What is expected: One number is the whole answer: the tally of lines in the records below that contain "Mixed".

Records from a data source:
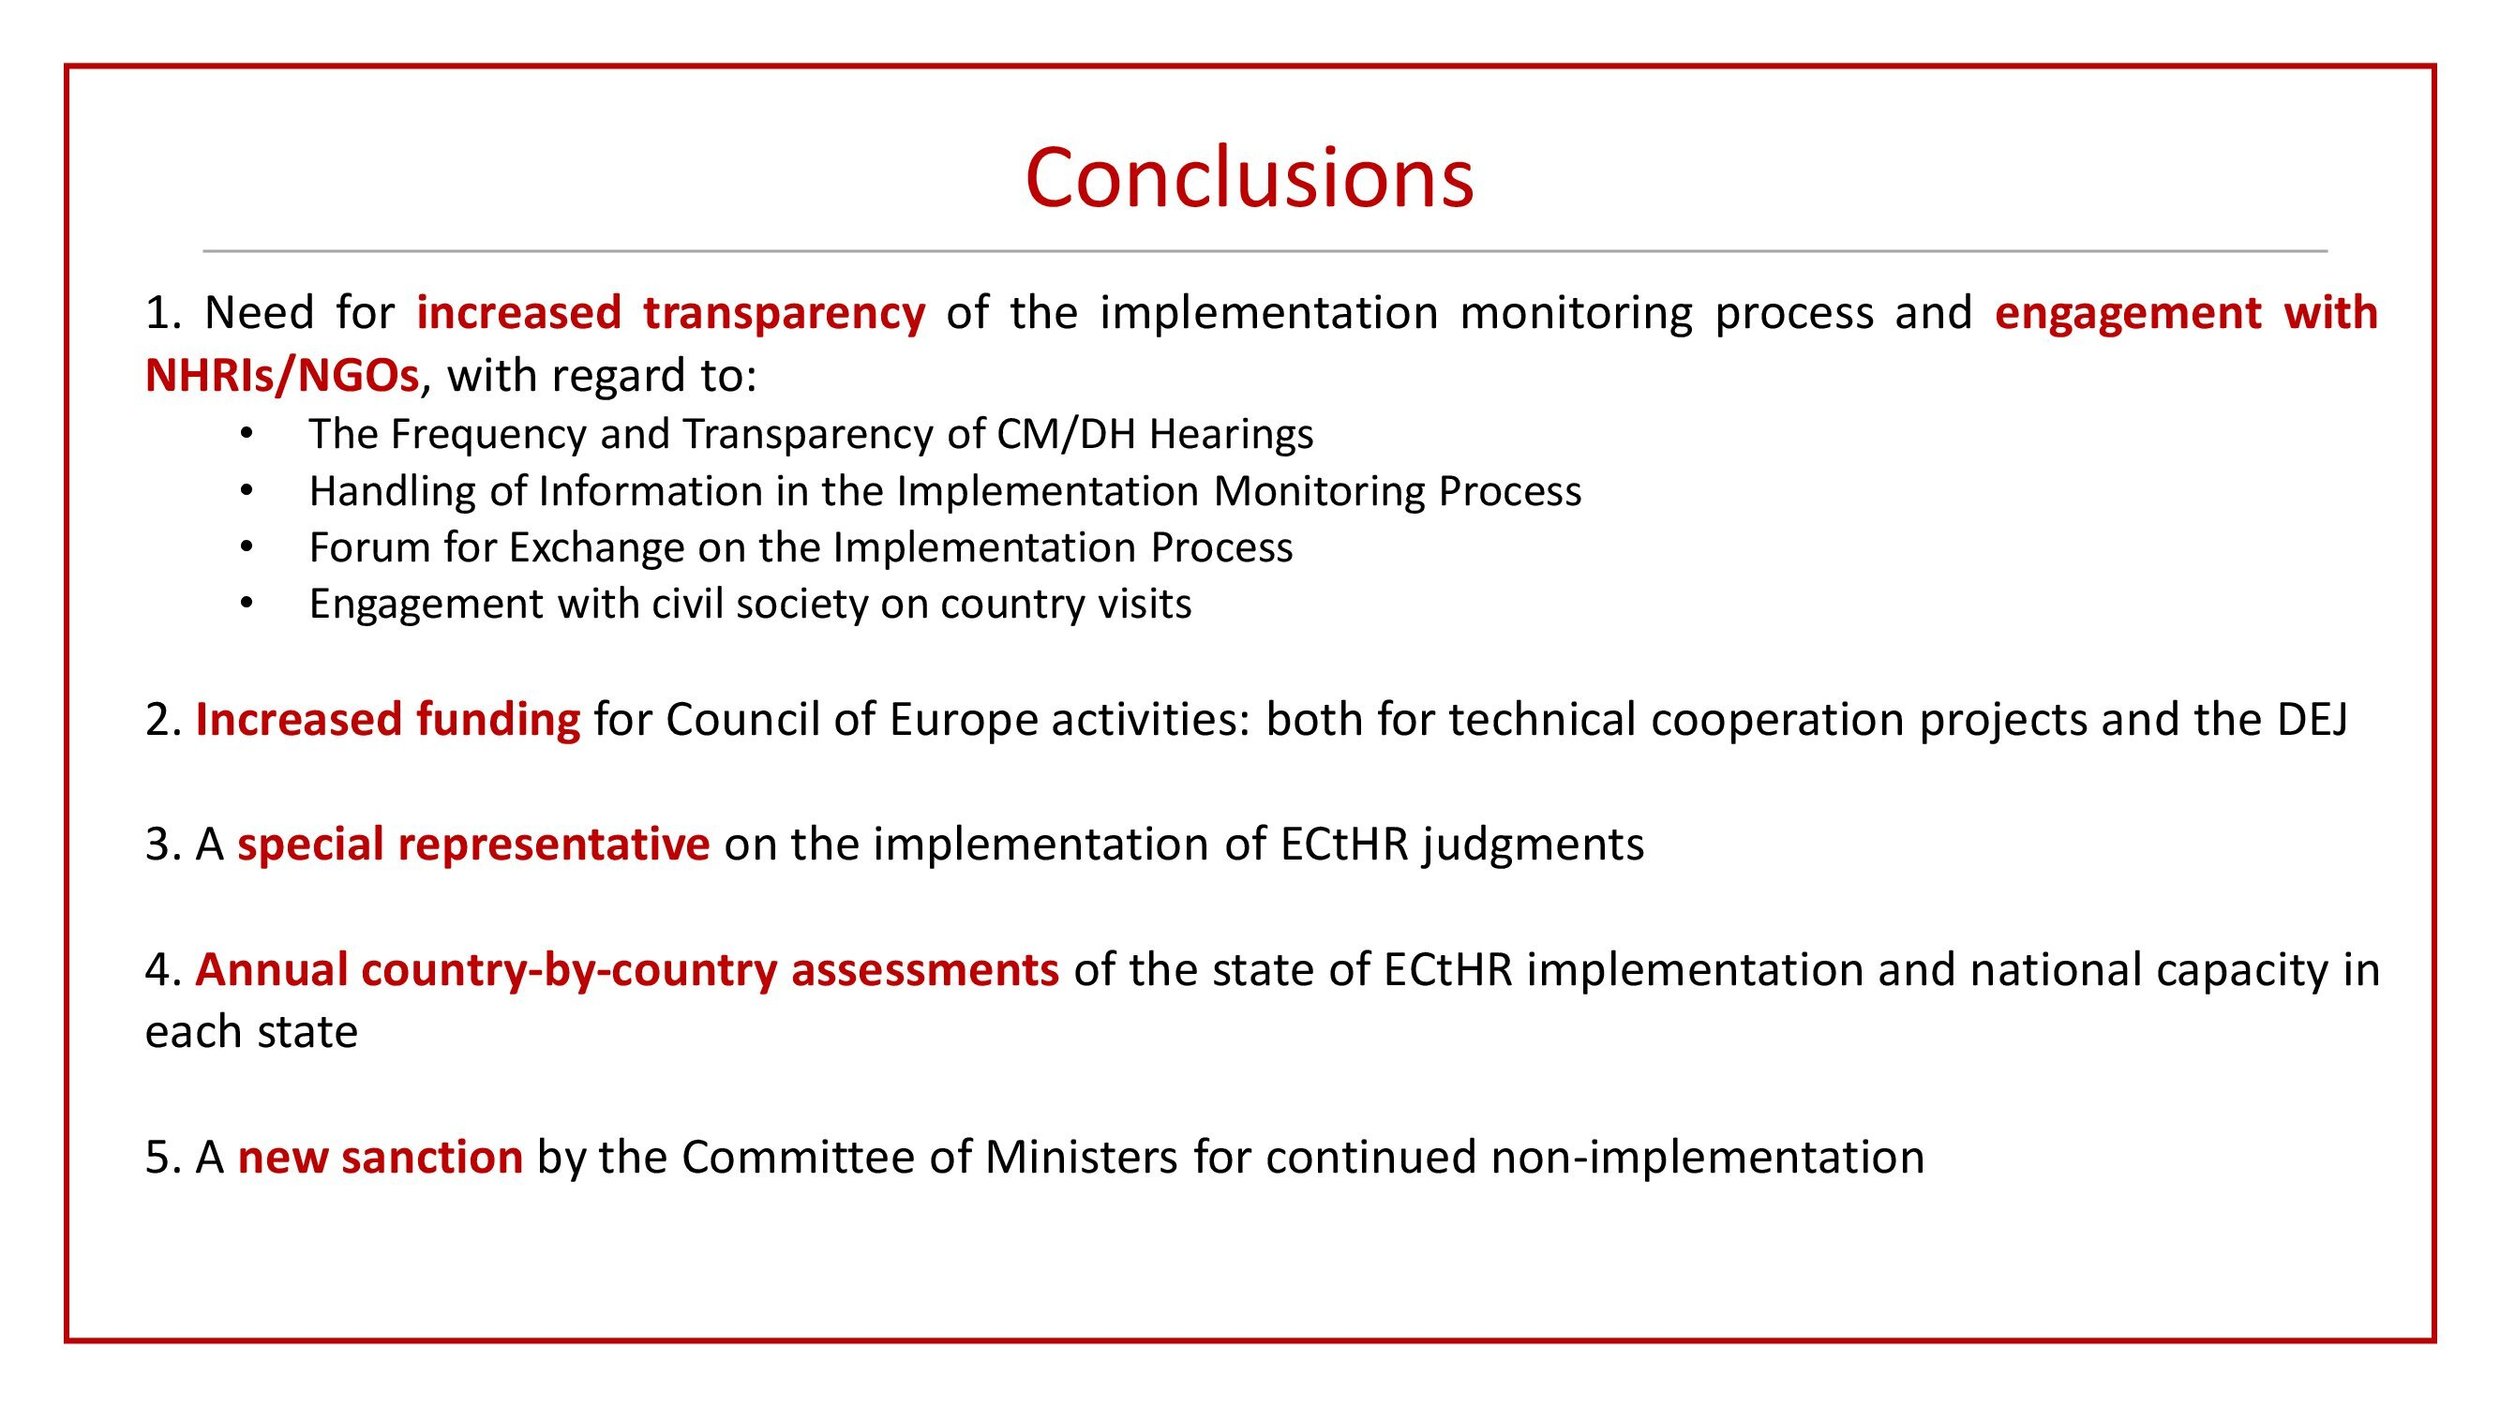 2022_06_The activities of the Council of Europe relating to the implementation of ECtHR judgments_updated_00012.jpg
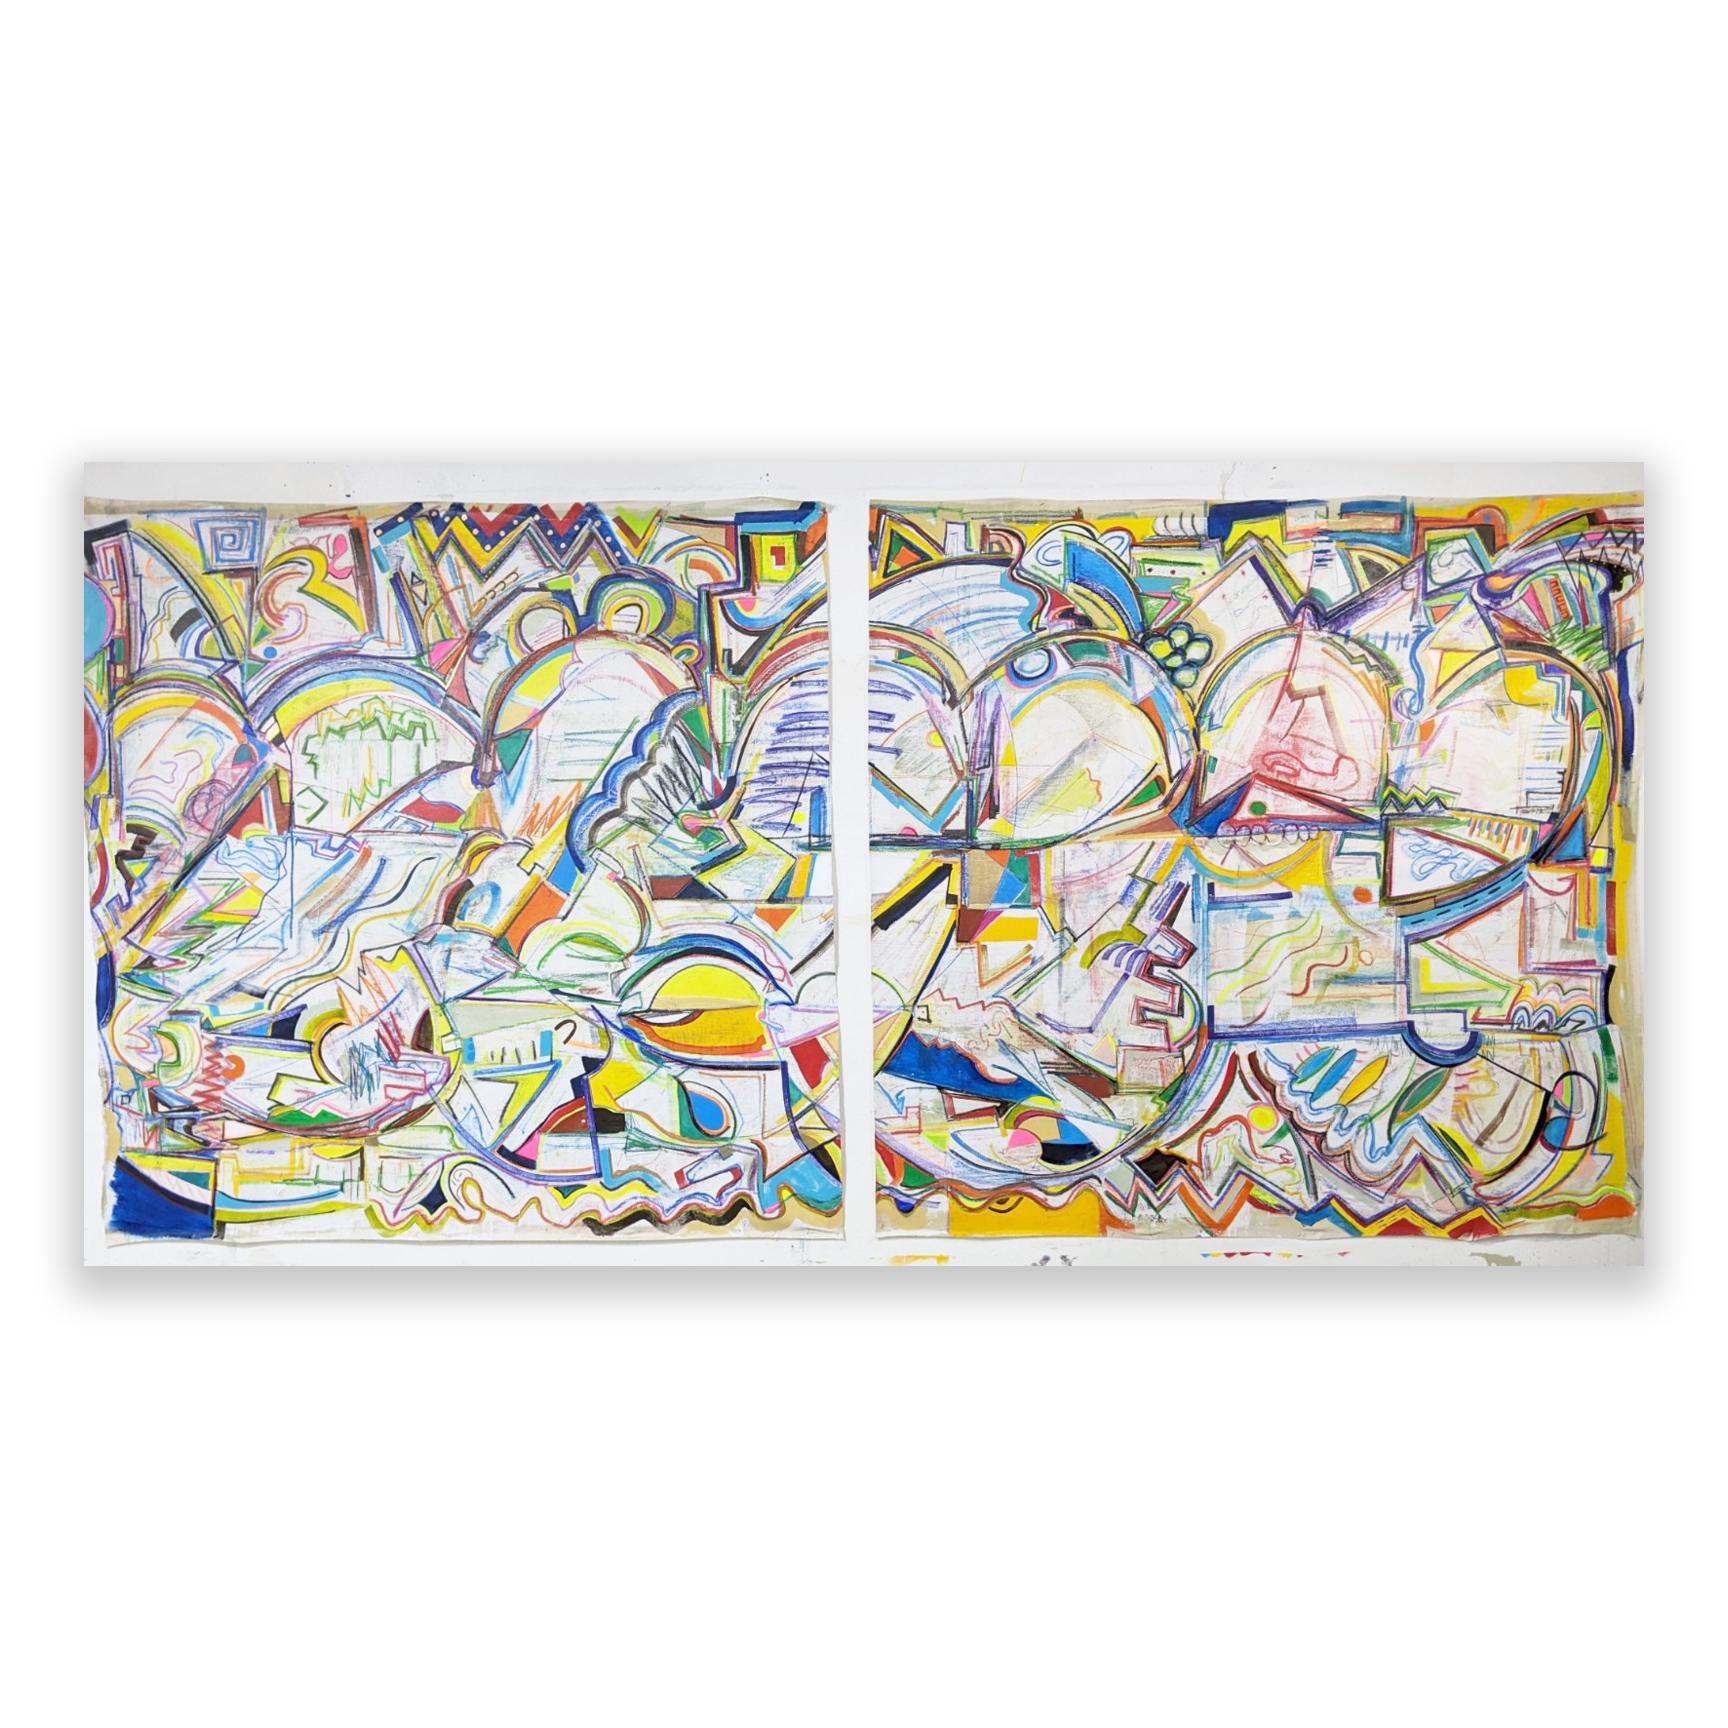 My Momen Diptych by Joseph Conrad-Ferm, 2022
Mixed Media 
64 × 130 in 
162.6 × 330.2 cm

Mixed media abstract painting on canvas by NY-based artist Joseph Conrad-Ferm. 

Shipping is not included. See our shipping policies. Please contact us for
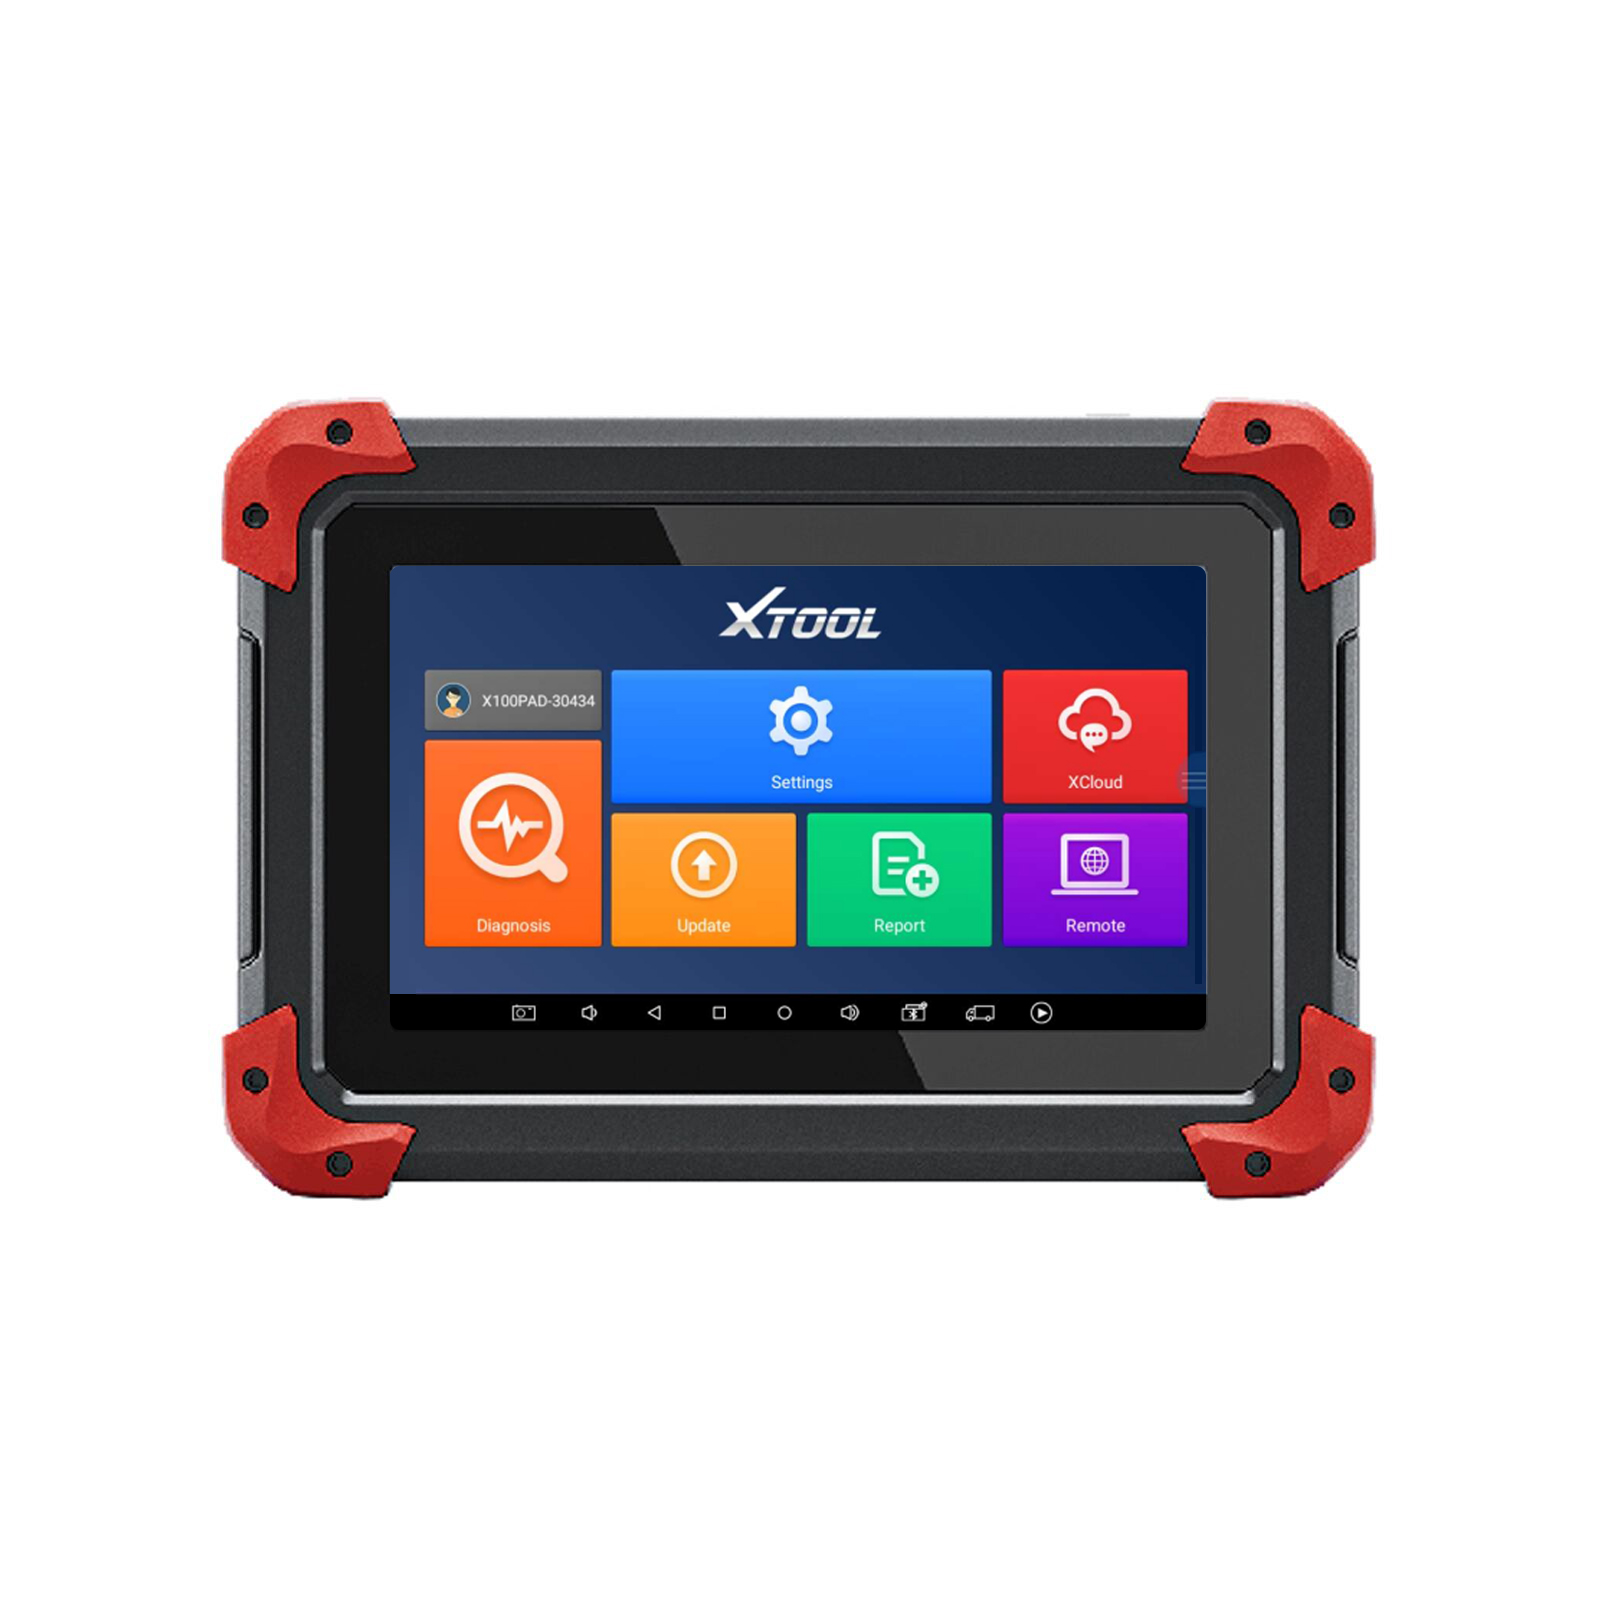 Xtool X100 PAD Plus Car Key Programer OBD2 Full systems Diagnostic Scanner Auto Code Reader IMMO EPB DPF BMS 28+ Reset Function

Problem solution: 2